A potential cure for autism
For patients with autism, new research in drug therapy may present the opportunity for a new way of life. Roche and Seaside Therapeutics, two drug development companies, have come together to develop what may be an incredible breakthrough for the treatment of autism.
The drug, called Arbaclofen, may help alleviate behavioral problems that often occur in autism. Specifically, it may help relieve interactive issues that are common in fragile X syndrome. Fragile X syndrome, which affects approximately 100,000 Americans, is similar to autism and causes those who suffer from it to have difficulties in social situations.
Research done over the past 20 years has showed that fragile X syndrome is caused primarily by disruptions in connections within the brain. Arbaclofen works to alleviate these disruptions, thereby helping those with the syndrome have better interactions with those around them.
According to the Centers for Disease Control and Prevention (CDC), roughly 1 in 88 people are affected by autism. With a student population of nearly 20,000 students, this means that there is a large amount of Wright State students who are affected by autism in some form. Whether students are dealing with the disorder themselves or have friends or family who are affected, it is a condition that is prevalent in our society.
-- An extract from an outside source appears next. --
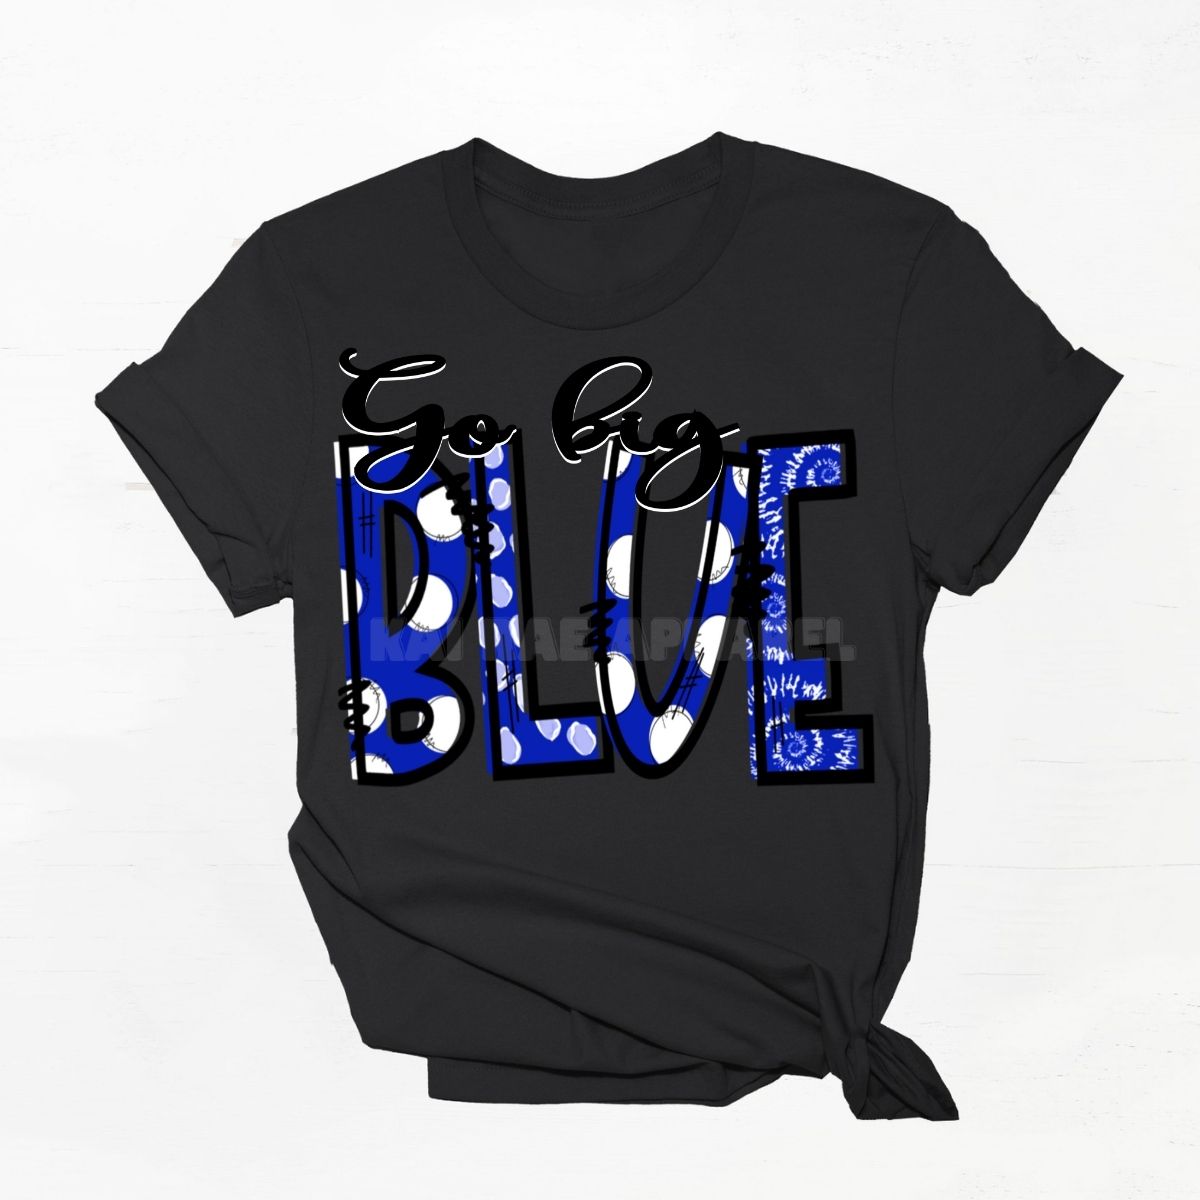 GO BIG BLUE

Last April, Alpha Xi Delta coordinated the Light It Up Blue campaign at the Nutter Center in support of World Autism Awareness Day. Students at Wright State are becoming more aware of what autism is and how it impacts the lives of those who are affected. Now, students can become more aware of the possibility of improving the symptoms of autism.
Mark Bear, co-founder of Seaside Therapeutics, stated in clinical trials, “It would be, I think, unrealistic to expect that this drug would be uniformly beneficial to all people that have an autism diagnosis.” While the drug is still in the process of being tested, it has already shown improvements in many of the subjects. It is showing the potential of being able to change the lives of thousands of people.